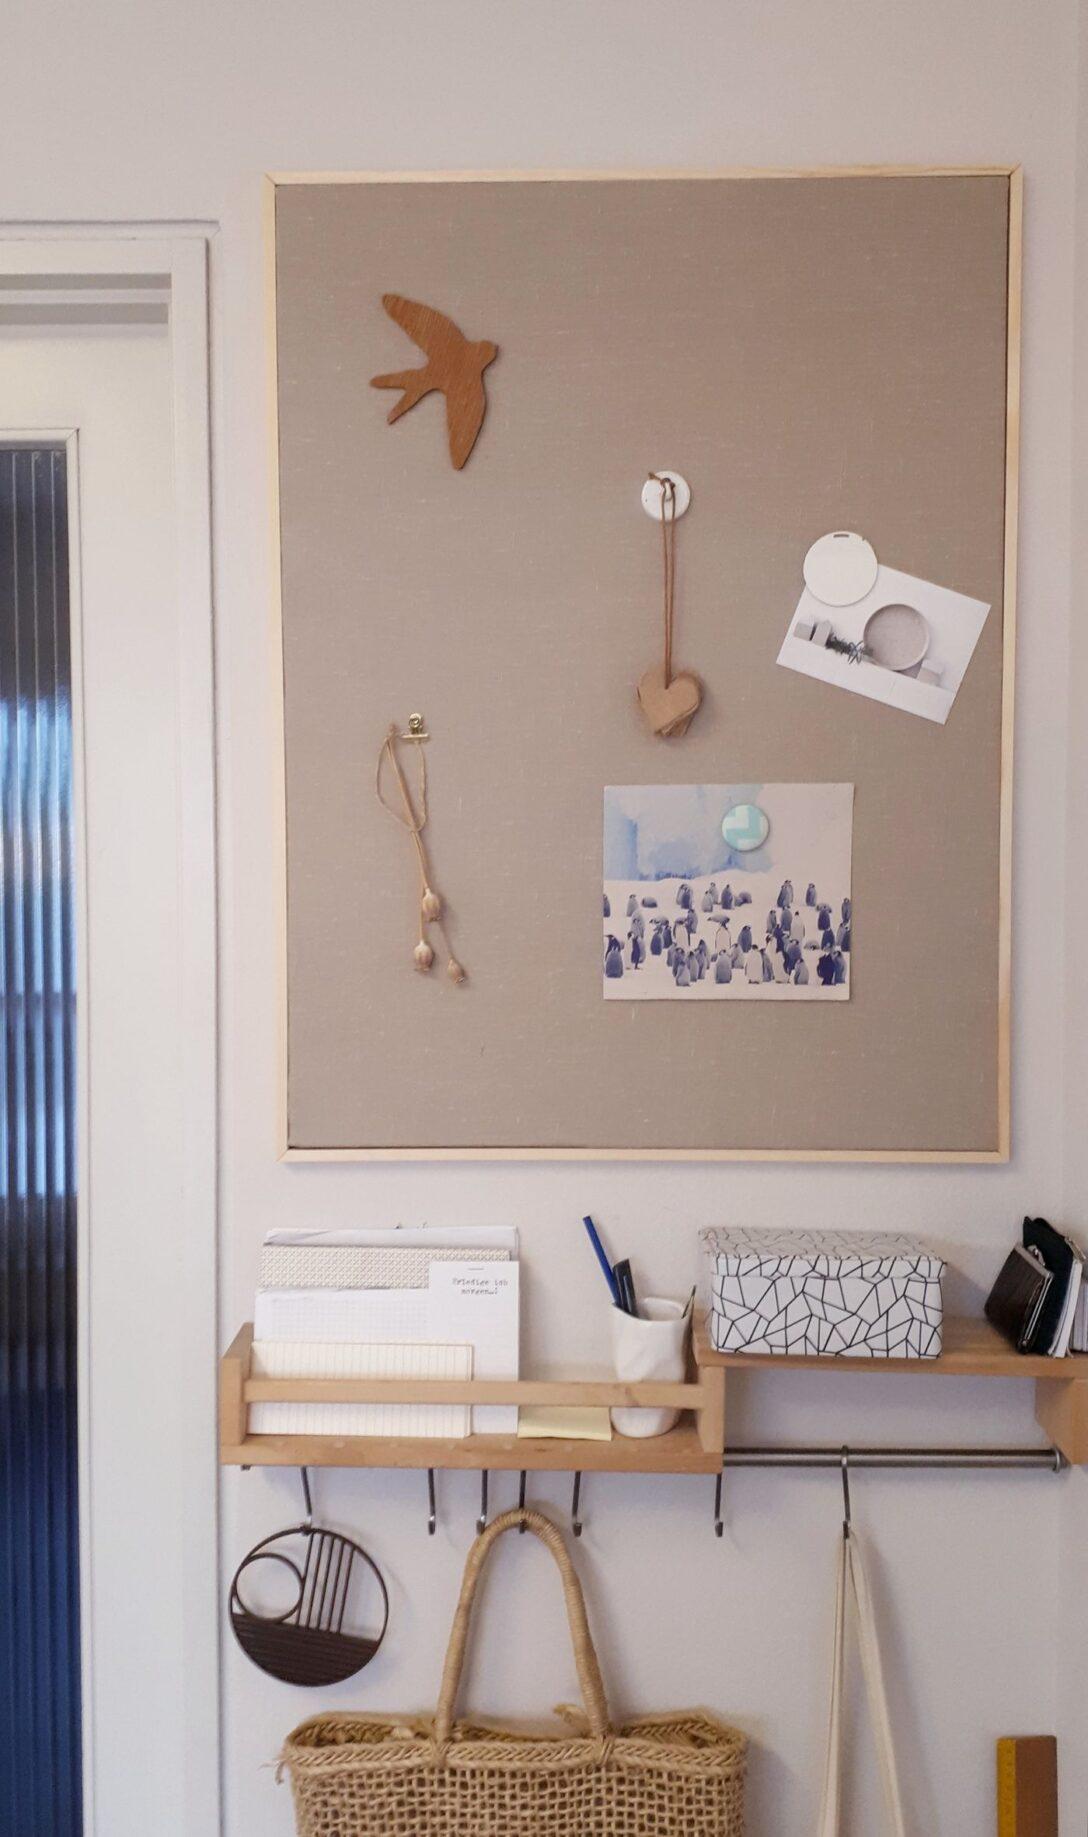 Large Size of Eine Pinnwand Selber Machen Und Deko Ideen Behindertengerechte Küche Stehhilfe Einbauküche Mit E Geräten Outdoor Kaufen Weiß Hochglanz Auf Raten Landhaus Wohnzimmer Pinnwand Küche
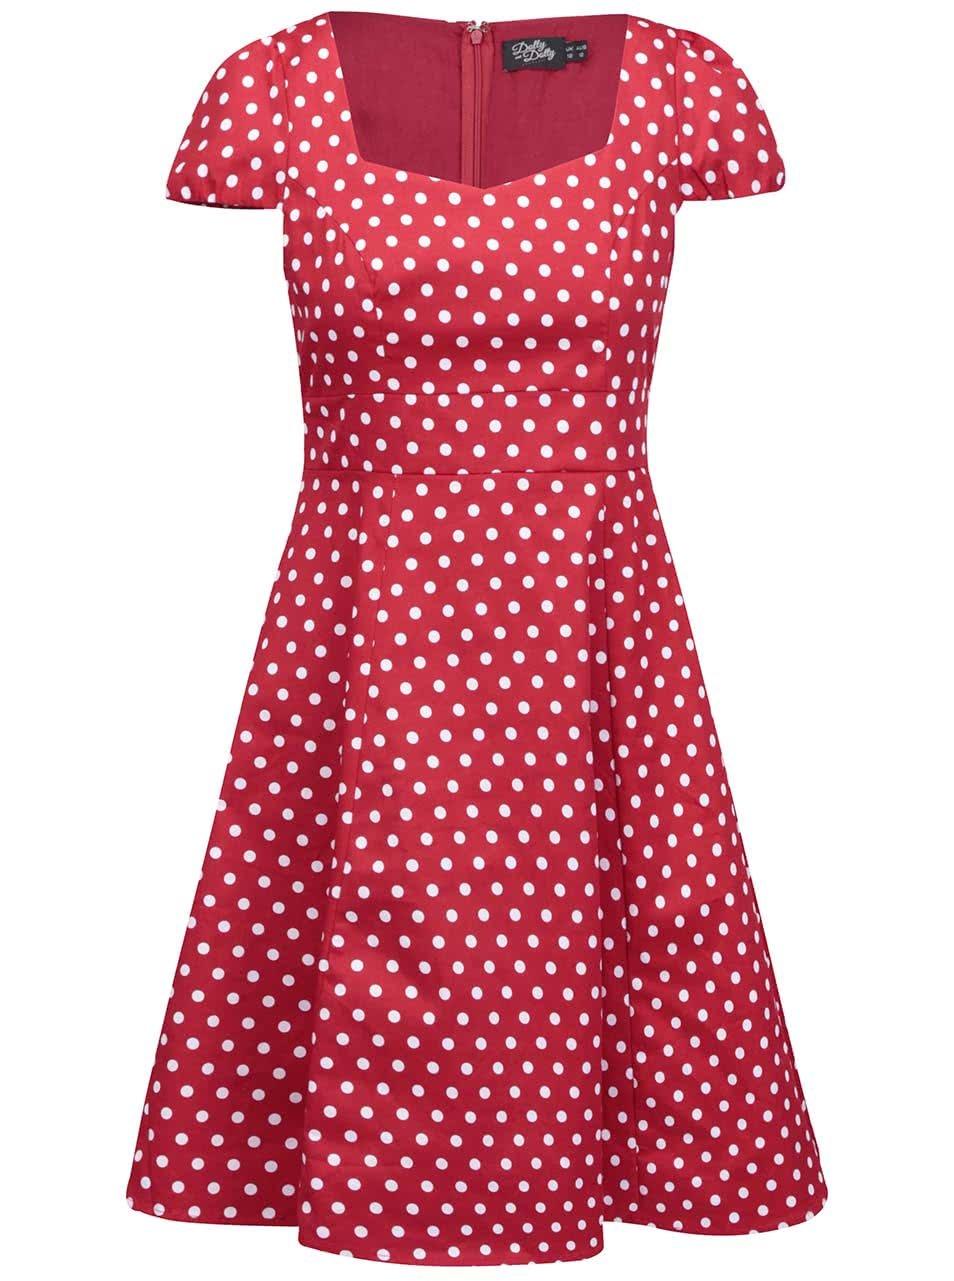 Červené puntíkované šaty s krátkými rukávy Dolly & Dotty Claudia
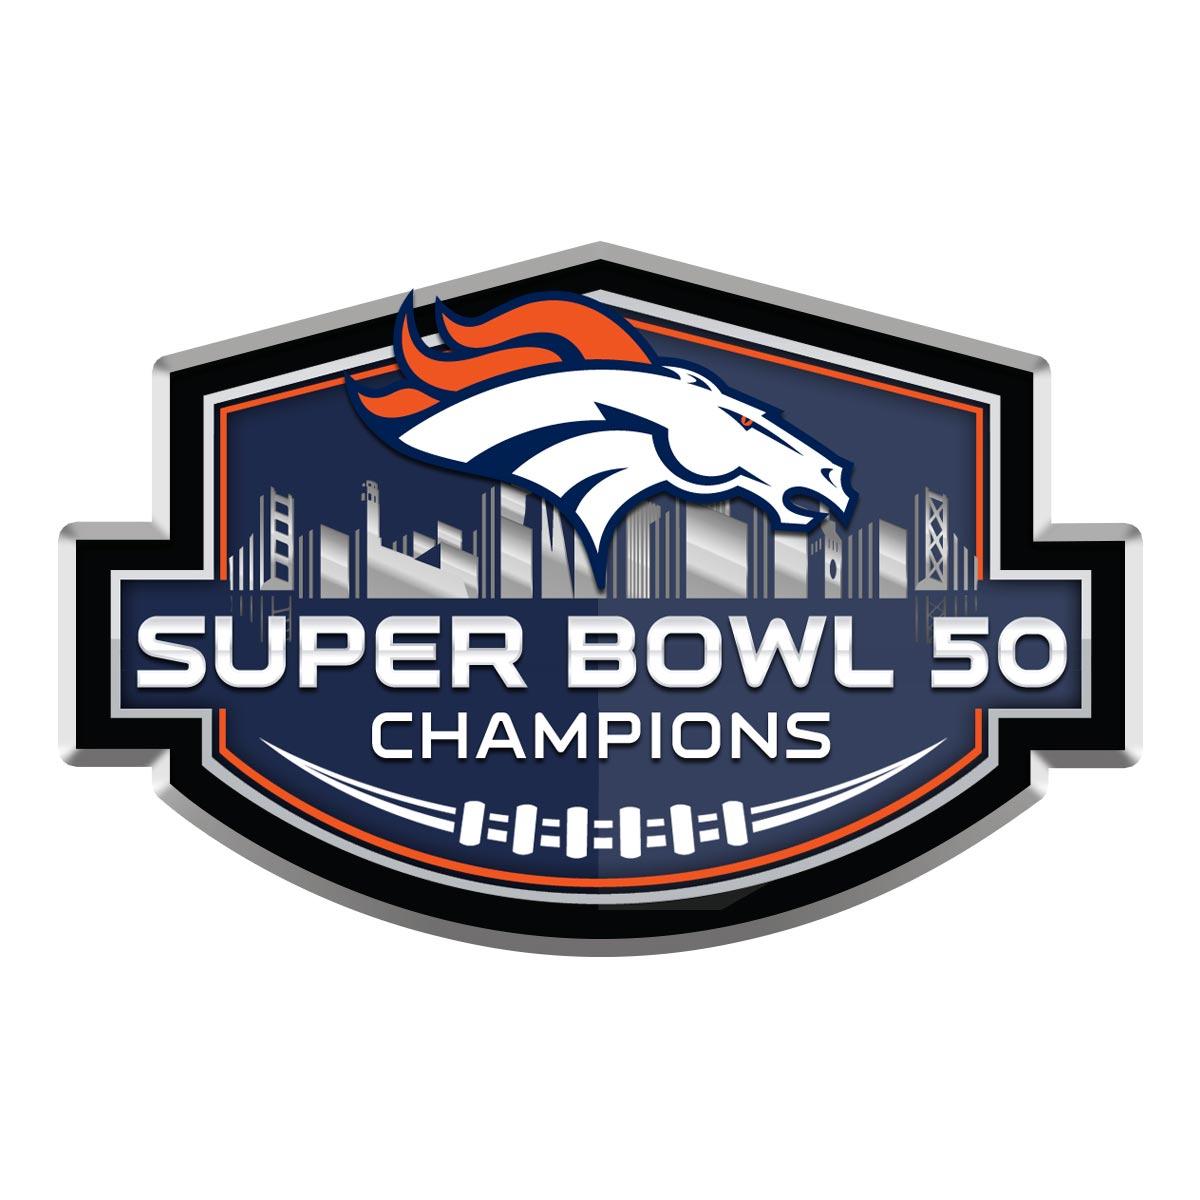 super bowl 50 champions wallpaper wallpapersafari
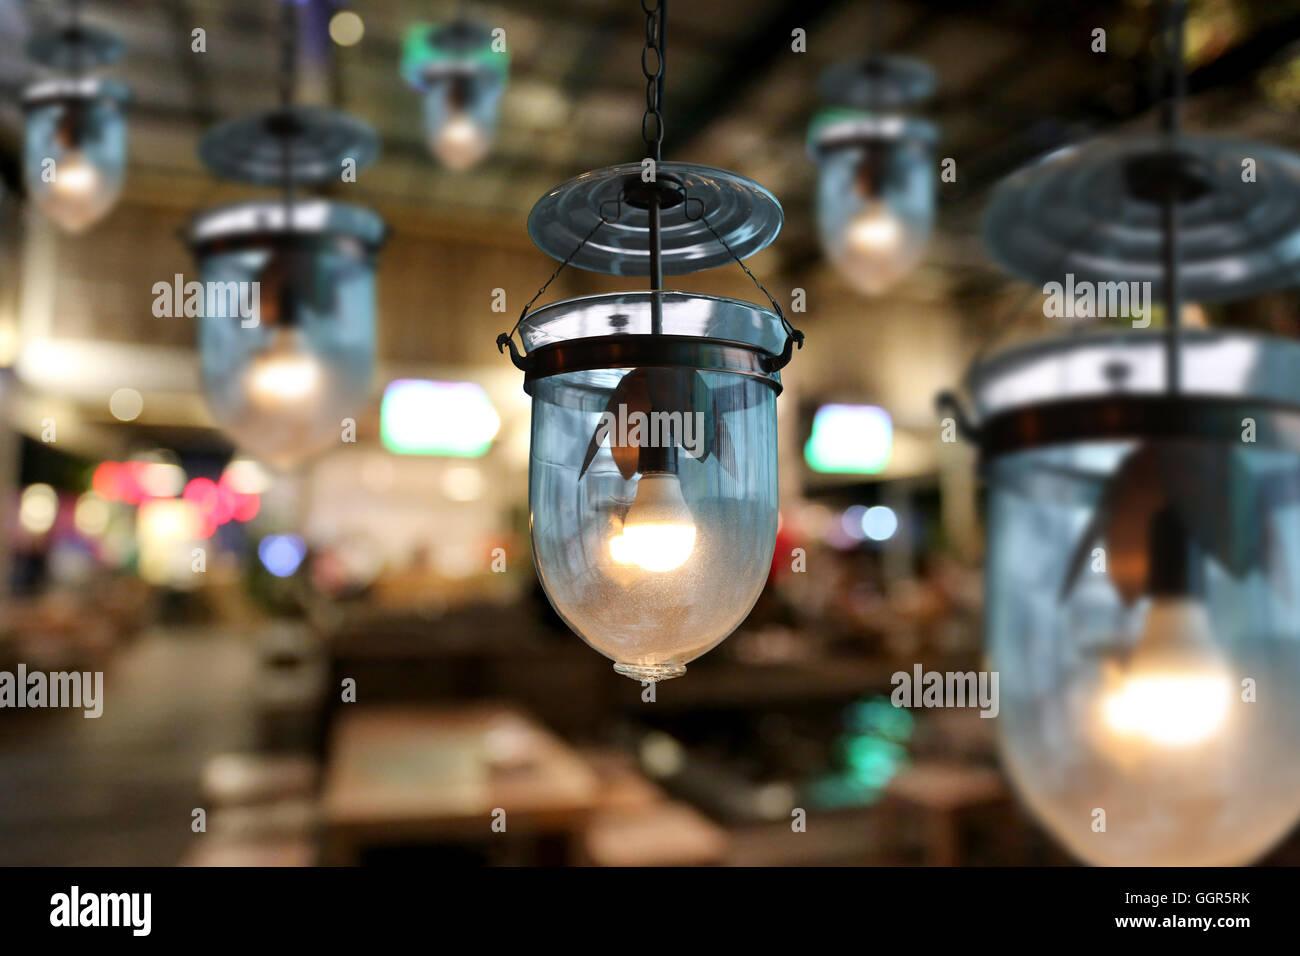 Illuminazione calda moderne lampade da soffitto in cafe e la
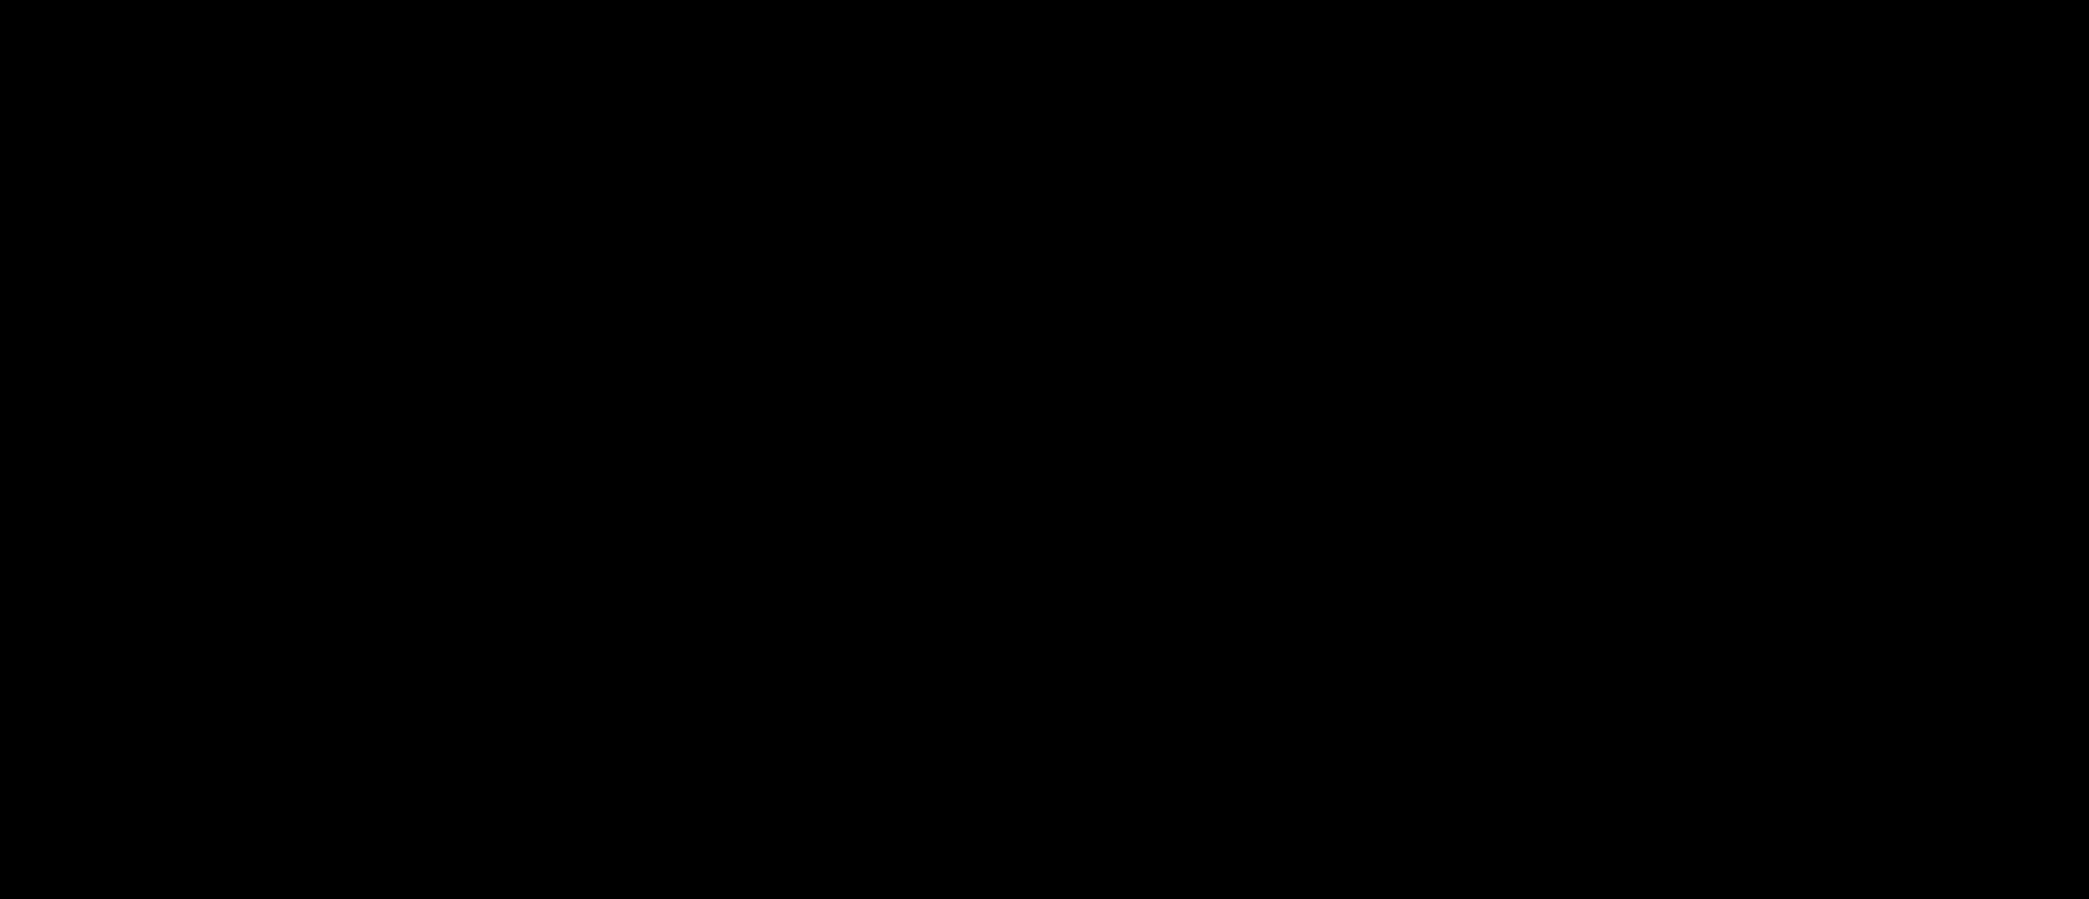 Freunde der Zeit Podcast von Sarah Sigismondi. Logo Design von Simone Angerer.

- - - - - - -

■ WORK ITEM
Please output exactly the lines from the line containing "super bowl 50" through the last line of the records above, both included, and leave out any pictures.

■ ANSWER BOX
 super bowl 50 champions wallpaper wallpapersafari
 Illuminazione calda moderne lampade da soffitto in cafe e la
 Freunde der Zeit Podcast von Sarah Sigismondi. Logo Design von Simone Angerer.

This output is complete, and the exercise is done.